MEDITAÇÕES SOBRE O EVANGELHO SEGUNDO LUCAS PARA A FAMÍLIA

Devocional
REFLEXÃO 14 "Dois filhos, dois homens rezando no Templo":
Antes de refletirmos sobre os textos, seria útil ter em mente as duas parábolas que precedem a do “Filho Perdido”. As imagens dos cordeiros extraviados e da moeda perdida nos dão uma vaga ideia da alegria sentida por um pai ao ter de volta um filho dado como morto. Também não devemos esquecer que Jesus está falando para um grupo específico de pessoas – os fariseus e os mestres da Lei, orgulhosos e autossuficientes, que o criticavam por “receber e comer” com os pecadores e excluídos, e desprezavam aqueles que consideravam não-observantes.
Um homem tinha dois filhos, e ambos haviam se distanciado dele. Um deles ousara romper os laços da vida familiar, partindo para uma “região distante” e desperdiçando a herança que havia pedido ao pai. Quando a penúria chegou, ele decidiu voltar para casa, desesperado (a fome é mais forte que o orgulho), decidido a ser aceito não como filho, e sim como um “empregado”. O outro filho havia ficado em casa, obedecendo às ordens do pai e trabalhando “como um escravo” (essa é a expressão literal usada em grego!). Do ponto de vista físico, ele estava na casa do pai; emocionalmente, estava muito longe. O ápice da história revela a triste realidade da natureza humana, representada pela falta de amor verdadeiro na relação de ambos os irmãos com o pai. O mais moço, recebido como um filho, não diz nem “obrigado”. Já o mais velho sente uma mistura de raiva e ressentimento. Ele vê o irmão como um estrangeiro (“seu filho”, diz, e não “meu irmão”). A parábola não revela se ao final esse filho se reconciliou e juntou-se ao banquete. Bem acima da reação suja dos irmãos, o comportamento magnânimo e misericordioso do pai surge como um farol de esperança em meio à escuridão.

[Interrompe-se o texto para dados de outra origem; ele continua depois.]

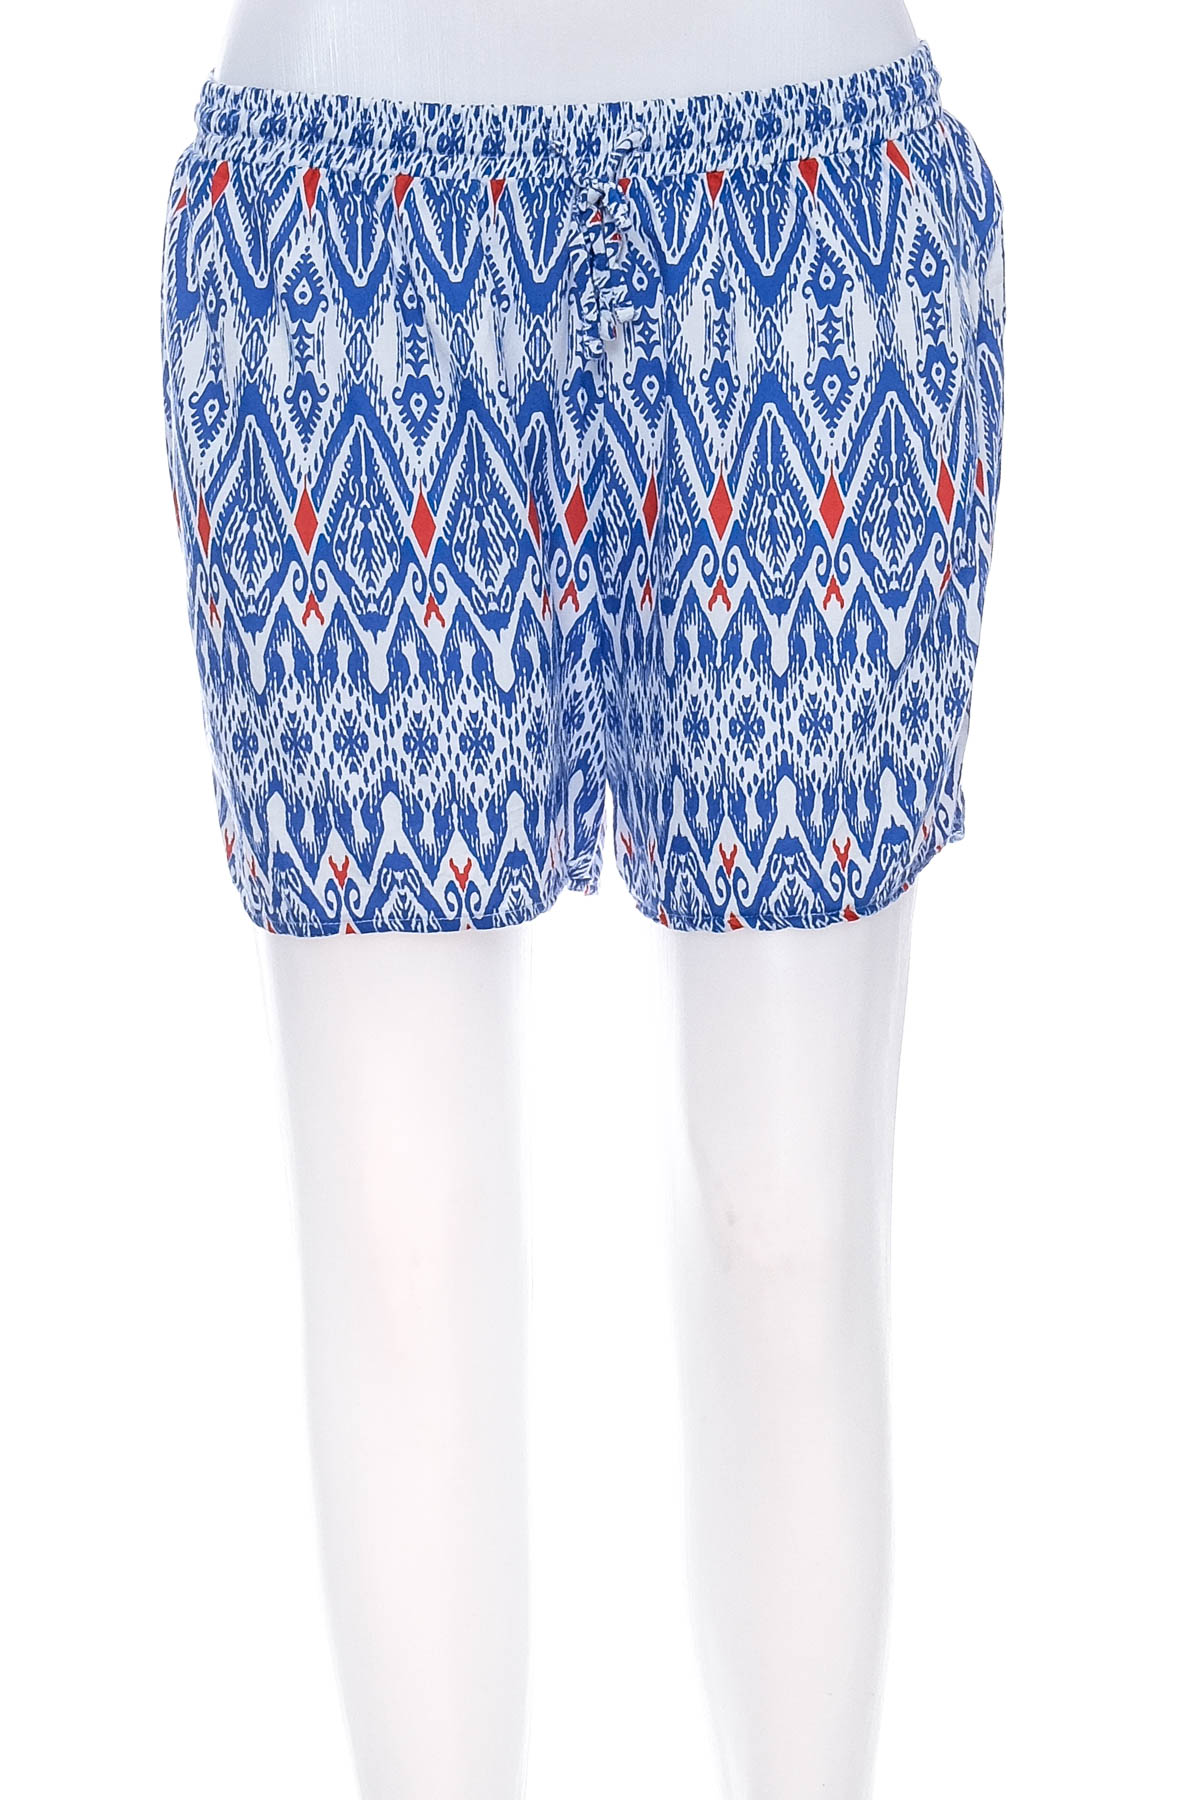 Female shorts - CALZEDONIA - 0

No caso dos dois homens que vão rezar no Templo, temos, em suas orações, exemplos extremos de comportamentos em relação à vida. Não raro interpretamos os fariseus de forma equivocada, ao considerá-los apenas como inimigos de Jesus, hipócritas e intolerantes. Na verdade, eles eram extremamente observantes à Lei. Tampouco entendemos a opinião negativa que as pessoas nutriam pelos cobradores de impostos, considerados pecadores públicos, colaboradores dos ocupantes romanos e “juridicamente impuros”. Is dois homens esperam ter suas atitudes justificadas, e o resultado de suas orações não é o que o leitor espera. O fariseu confia na própria retidão, e gaba-se dela. Ele não reza para pedir algo a Deus, mas despreza o coletor de impostos – que, por sua vez, confia em Deus e pede: “Tem misericórdia de mim, que sou pecador”.
Não há mais nenhum comentário sobre os textos, apenas uma pergunta simples: com qual dos personagens dessas parábolas nos identificamos? A indagação pode ser um ponto de partida para descobrir a qual distância estamos da verdadeira mensagem: o Deus anunciado por Jesus, seu Pai, é um Deus de misericórdia e perdão.